Title: "Data Mining in Finance (Multiple Features & Leading Stocks based 
Prediction)"

By

Mr. Pong-Ching Wong


Abstract

With rapid digitalization of mass media and successive evolution of 
computational modeling, applying data mining techniques in stock 
forecasting has been a prevailing topic that is being explored by numerous 
computer scientists. Presently, researchers focus on studying how to make 
use of more powerful modeling techniques to improve the forecasting 
accuracies, relatively few researchers consider the essence of correct 
features selection (effective factors identification).
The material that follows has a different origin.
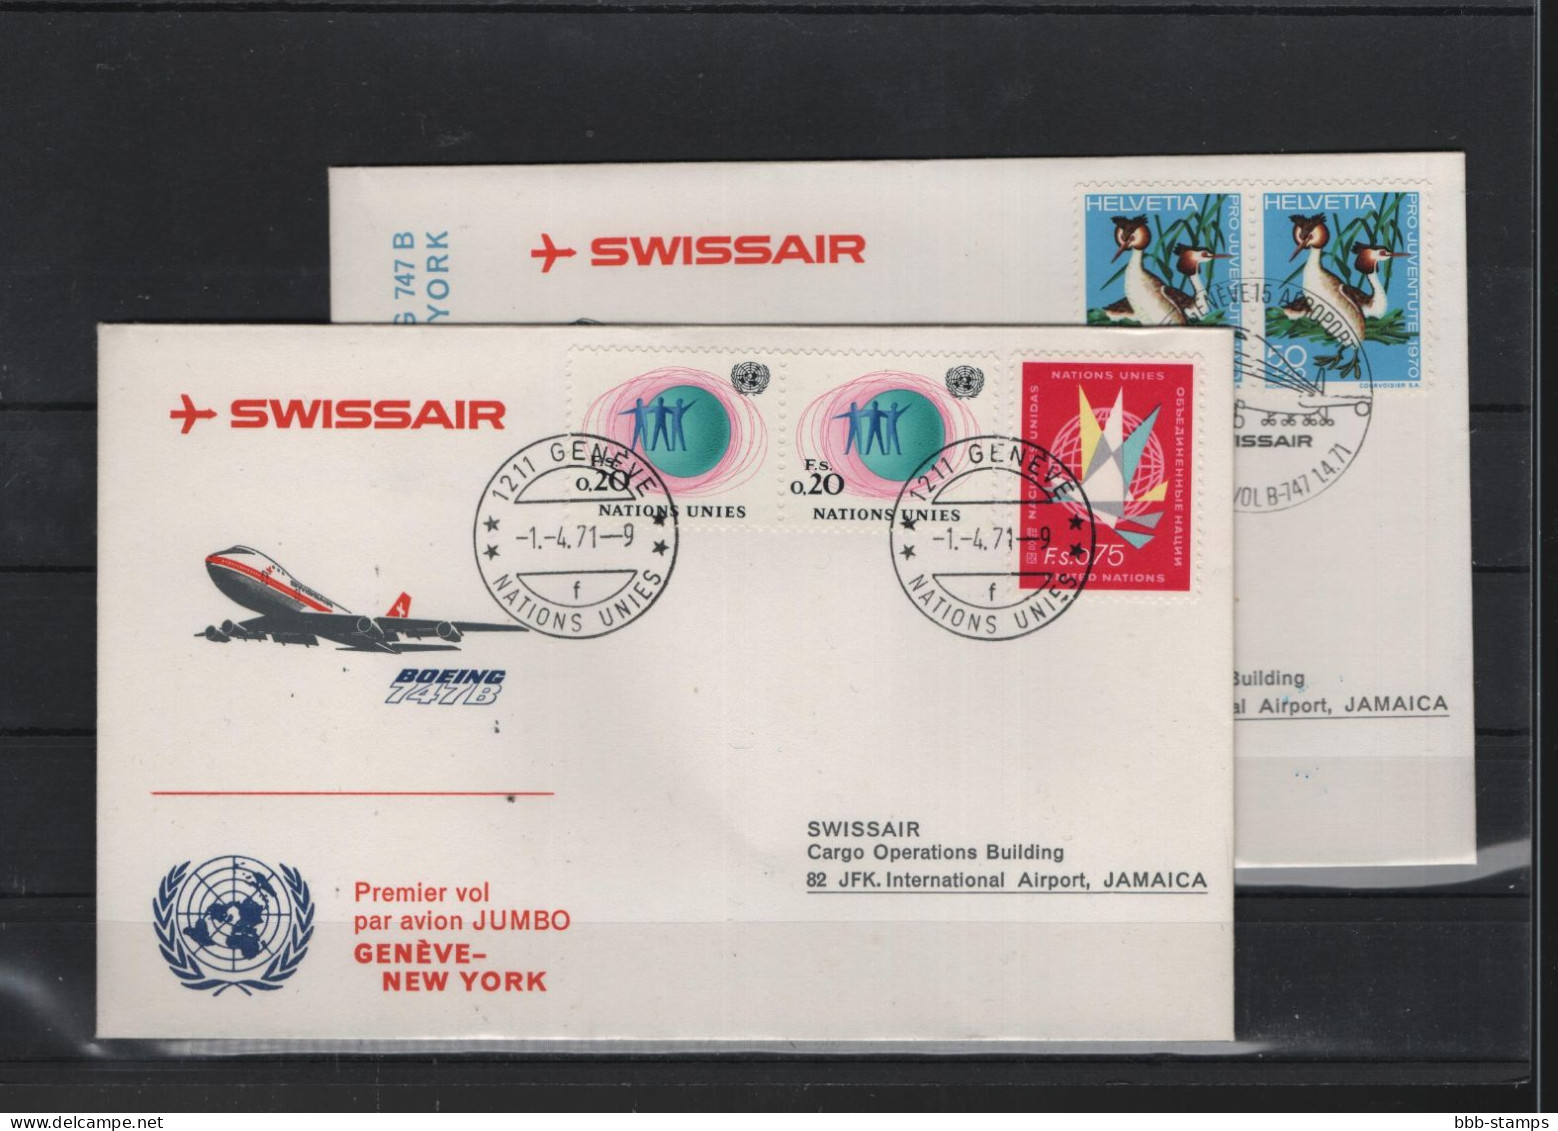 Schweiz Luftpost FFC Swissair 1.4.1971 Genf - New York VV - Premiers Vols
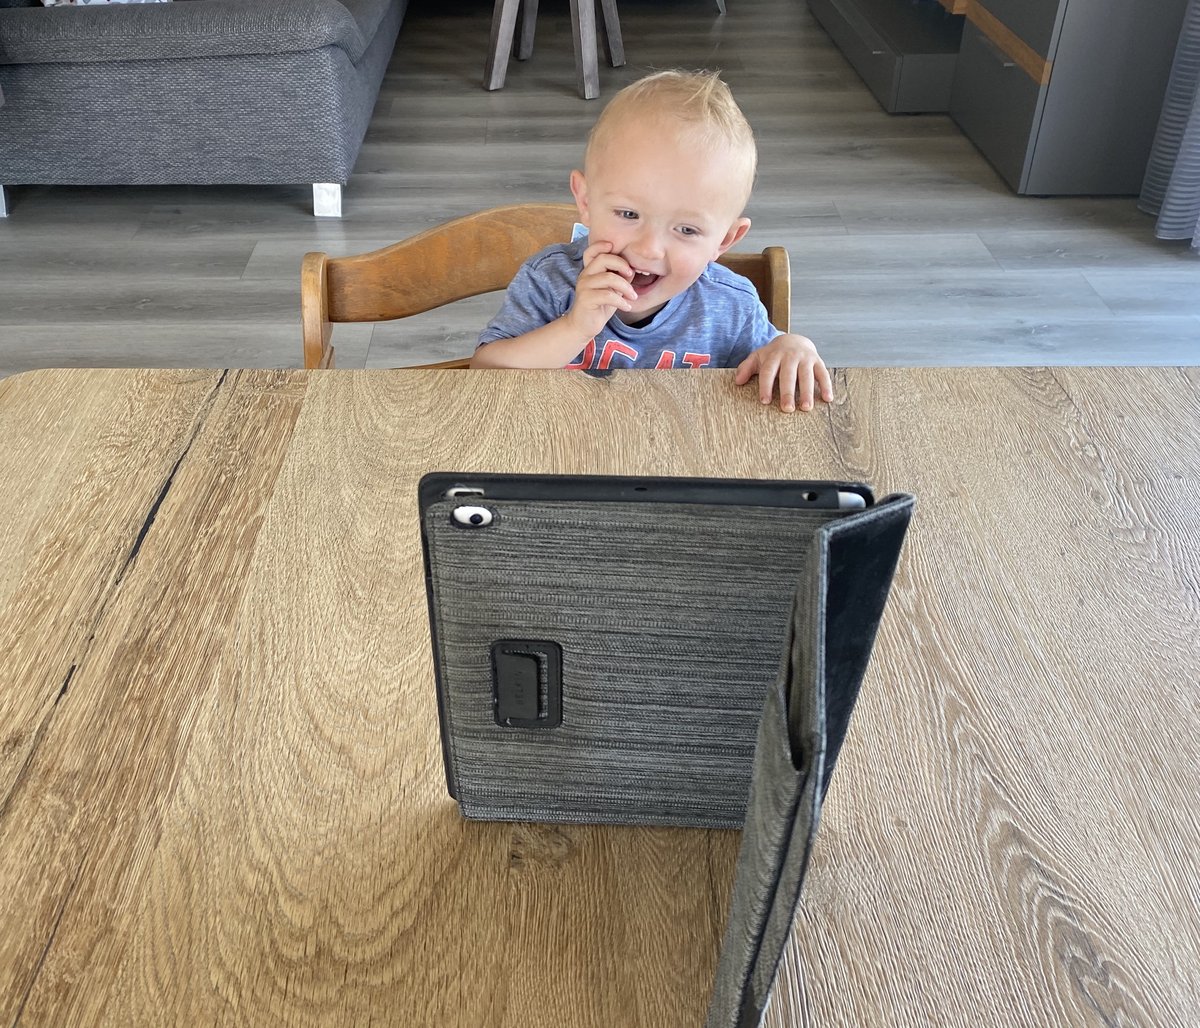 Baby lachend auf einem Hochstuhl. Es schaut auf den Bildschirm eines iPads.

In the financial market, whether the stock price is going up or going down 
is mainly driven by the expectation of investors and speculators. The 
correct problem formulation achieved by considering effective factors is 
superior to making improvement on model complexities. In the real 
financial world, most of the investment decisions are relying on textual 
information (for instance, news articles) and human perceptions (trends of 
stock price) to predict market price movement. Most of these features, 
especially textual information, are unstructured and fuzzy in nature, 
unable to be readily processed in computational models and this also 
remains lots of technical challenges in the literature. In this thesis 
paper, we would like to propose feasible solutions to process and consider 
them in our cutting edge forecasting models. A support vector machine 
(SVM) based prediction system, multiple feature based forecasting 
framework (MFF) has been developed to process news, stock trend 
components, and technical indicators as well as Volatility Index (VIX) 
index in order to improve the prediction performance. At the same time, 
based on the shortcoming of current literature approaches in text mining 
and trend components extraction, some possible methods are also discussed 
and verified.

Apart from processing and utilizing additional features, the improvement 
of stock forecasting accuracies is also attempted through studying 
inter-relationships among multiple financial time series, traditionally 
believed to be useful for investors to optimize portfolios, and 
speculators to capture the chance of statistical arbitrage (most likely, 
pair trading). Existing researches, advocate of utilizing statistical 
correlations (co-movement in prices) between different stock entities as a 
factor mining method. However, the high correlation in the financial time 
series does not imply the causality. Therefore, we should reasonably 
address the later rather than the former. Notwithstanding the foreseeable 
improvement through modeling causalities, relatively few works are 
concerned with studying it and therefore explore the potential of lagging 
effects to boost accuracies of stock prediction. In this thesis paper, we 
would like to propose a novel leading stock based prediction framework 
(LSPF), dedicated to mining leading stocks. By definition in this study, a 
stock is considered as a leader once its rising or falling is preceded to 
others. In other words, the predictive power of any data modeling over led 
stock can be arisen by considering these leading stocks as factors in the 
modeling process. LSPF tracks the inter-leading and lagging relationships 
between stock entities by investigating three feasible leading stock 
mining models, respectively, linear Granger causality test, non-linear 
Granger causality test, and lagged correlation measurement. A leadership 
ranking approach is suggested to weight the importance of found leading 
and lagging stocks after mining processes.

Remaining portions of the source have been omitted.